The distribution in the first two principal components of the samples is shown in Fig. 2. It can be seen that both the training and test samples cover the most chemical space within 95% confidence interval and that only a minority of the samples are outside the 95% confidence interval. This indicates that the training and test samples have similar chemical distributions.
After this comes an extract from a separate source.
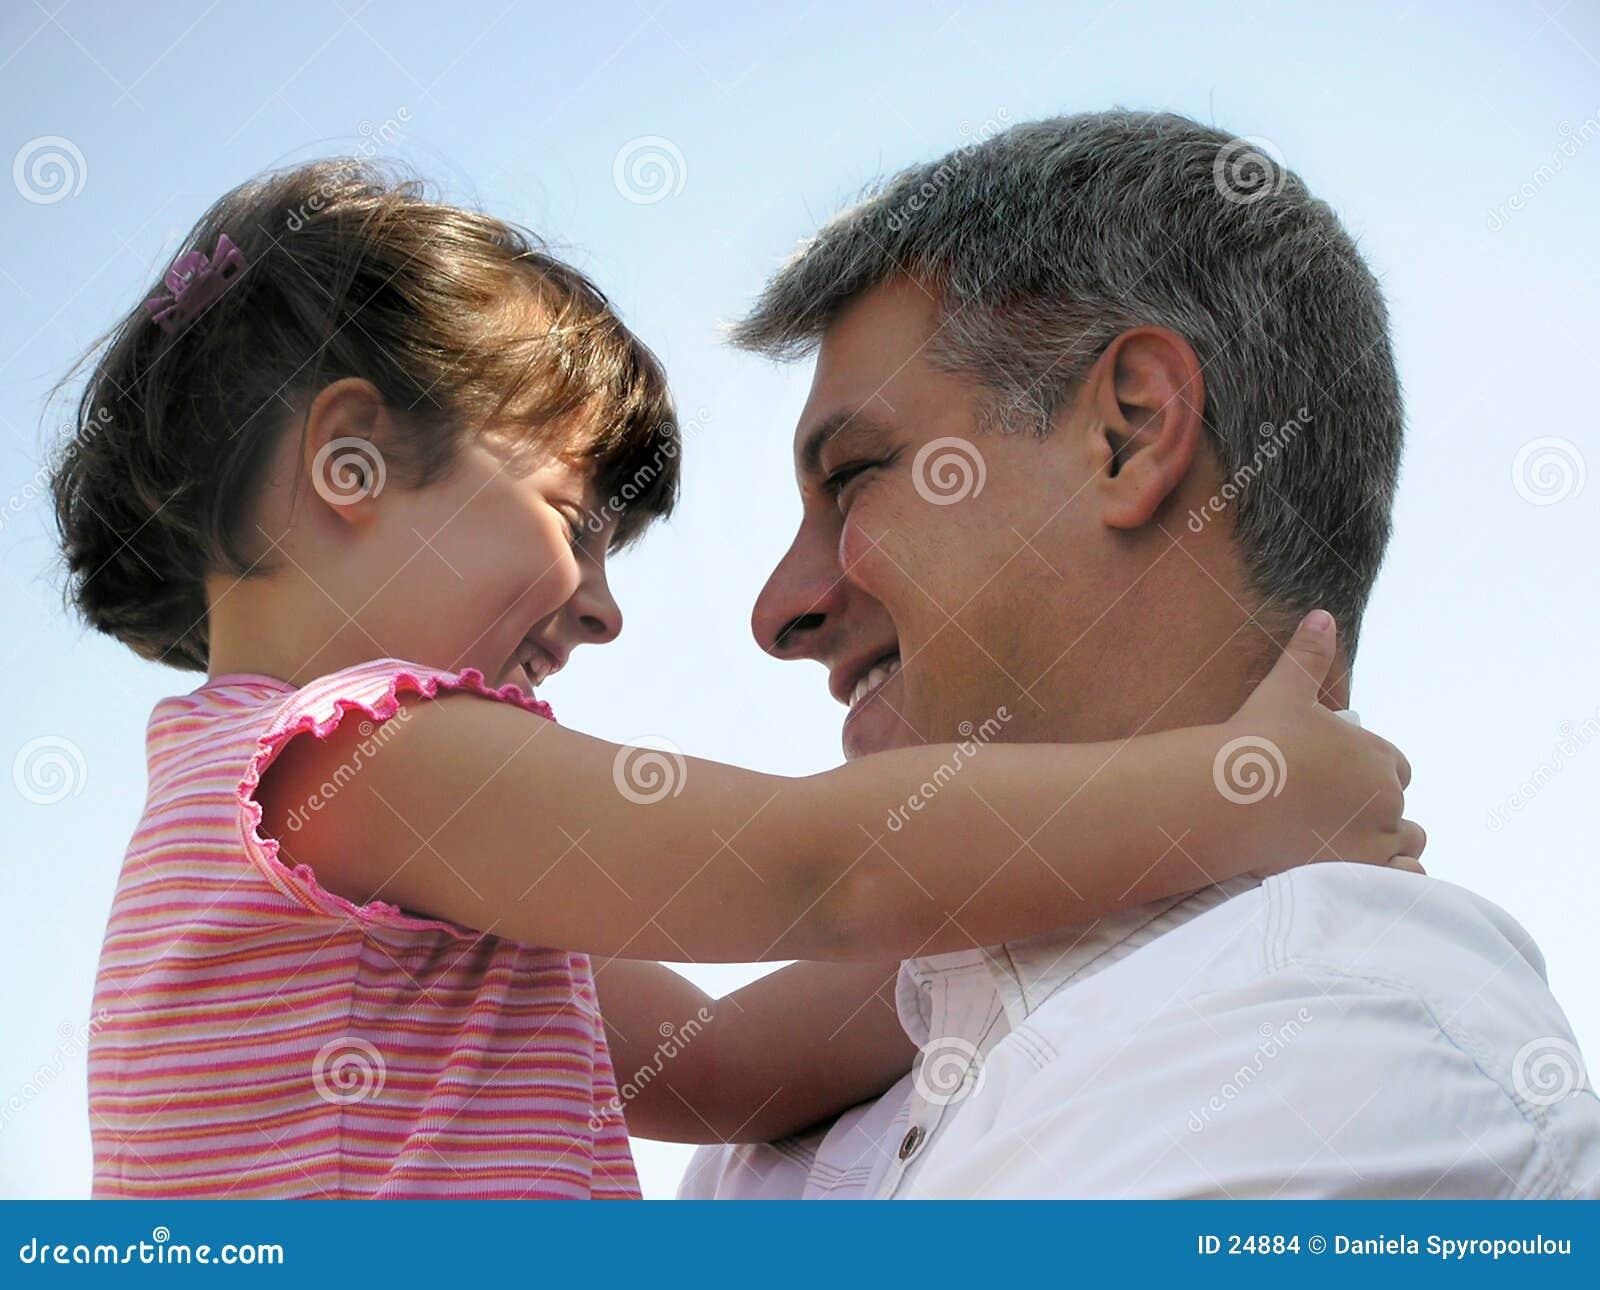 Download Abbraccio grande fotografia stock. Immagine di impressionabile - 24884

Besides, no significant difference is detected in the distributions between the inhibitors and the noninhibitors.
The best 14 PLS-DA models established by different parameter combinations are shown in Table 2. It can be seen that no significant difference in the overall performance is observed among the 14 models. Herein, model 8 with the highest ACCs and MCCs for both the training and test sets is selected as the best PLS-DA model, of which the fragment size is 4–7, the fragment distinction is A/B/Ch/DA, and the hologram length is 401 bins. Thus, the Molecular Hologram descriptors of model 8 were used for the following SVM modeling.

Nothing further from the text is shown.